For many years the decisional law in California held that the sale of corporate stock would not support a covenant by the seller not to compete since a sale of the stock did not carry with it a transfer of the good will of the corporation. (Merchants' Ad-Sign Co. v. Sterling (1899) 124 Cal. 429 [57 P. 468]; Cavasso v. Downey (1920) 45 Cal. App. 780 [188 P. 594].) In 1945, the Legislature amended section 1674 of the Civil Code (the forerunner of present § 16601 of the Bus. & Prof. Code), so as to permit covenants not to compete where a stockholder sold all of his corporate shares.[2] In 1963, section 16601 was further amended[3] to permit such a covenant by a shareholder of a corporation which sold "all or substantially all of its operating assets" or "all or substantially all of the operating assets of a division or a subsidiary."[4]

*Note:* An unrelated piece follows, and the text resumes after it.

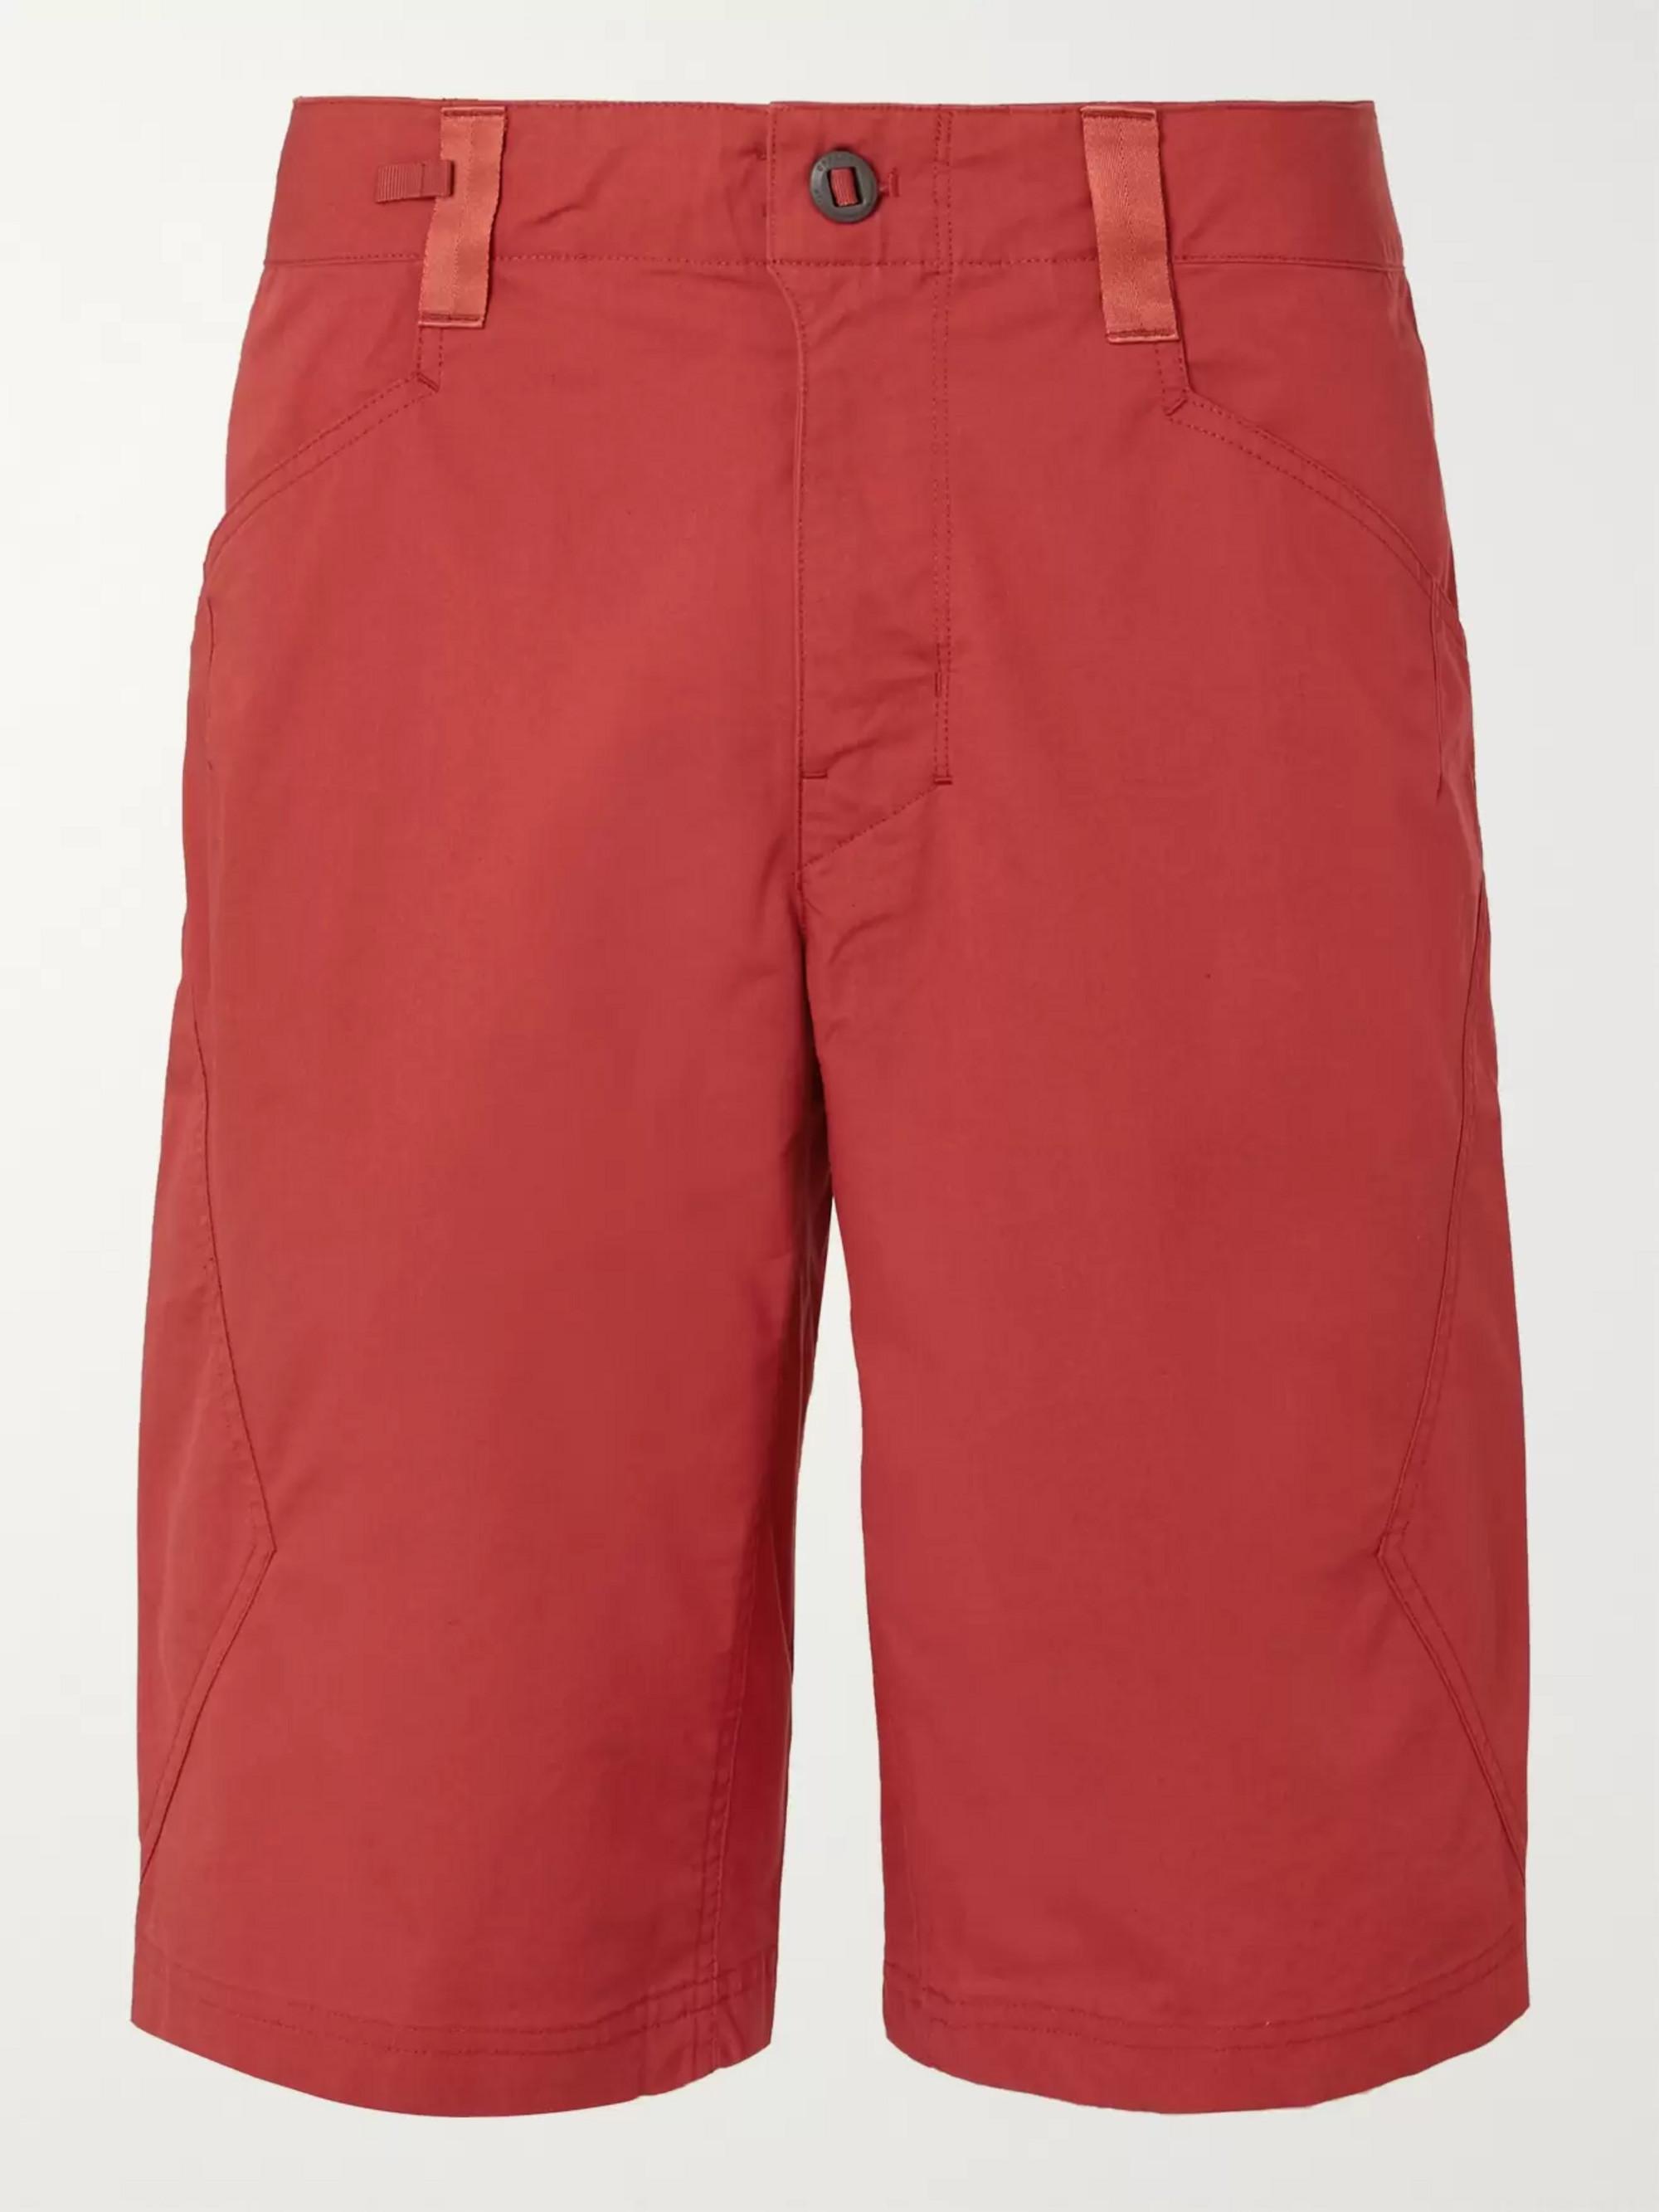 Venga Rock Organic Cotton Blend Shorts by Patagonia

*404 We cannot say that the Legislature, in the statute enacted in 1963, has in any way indicated an intention to modify the provision enacted in 1945. Clearly, in 1963 the Legislature was aware of the possibility of a sale of less than the seller owned; had it desired to extend that concept to the sale of stock it could easily have done so.
Defendant Skirvin did not sell all of his stock;[5] section 16601 does not authorize his covenant; section 16600 applies; the covenant is not enforceable.
The order appealed from is affirmed.
Files, P.J., and Dunn, J., concurred.
NOTES
[1]  "Accordingly, the Court must rule for the defendants, not as the result of an exercise of discretion, but rather on the basis that § 16601 invalidates a restrictive covenant where `substantially all' but not `all' of a shareholder's shares are involved in the sale."
[2]  Cal. Statutes 1945, chapter 671, page 1341, section 1.
[3]  Cal. Statutes 1963, chapter 597, page 1476, section 1.
[4]  Section 16601 now reads as follows: "Any person who sells the goodwill of a business, or any shareholder of a corporation selling or otherwise disposing of all his shares in said corporation, or any shareholder of a corporation which sells (a) all or substantially all of its operating assets together with the goodwill of the corporation, (b) all or substantially all of the operating assets of a division or a subsidiary of the corporation together with the goodwill of such division or subsidiary, or (c) all of the shares of any subsidiary, may agree with the buyer to refrain from carrying on a similar business within a specified county or counties, city or cities, or a part thereof, in which the business so sold, or that of said corporation, division, or subsidiary has been carried on, so long as the buyer, or any person deriving title to the goodwill or shares from him, carries on a like business therein. For the purposes of this section, `subsidiary' shall mean any corporation, a majority of whose voting shares are owned by the selling corporation."
[5]  We have some difficulty in regarding a sale in which the seller retains 18 percent of his stock as a sale of "substantially all" of his stock holdings. However, the trial court, in its memorandum decision, seems to have regarded the sale herein involved as being in that category; accordingly, we have decided the appeal on that same theory.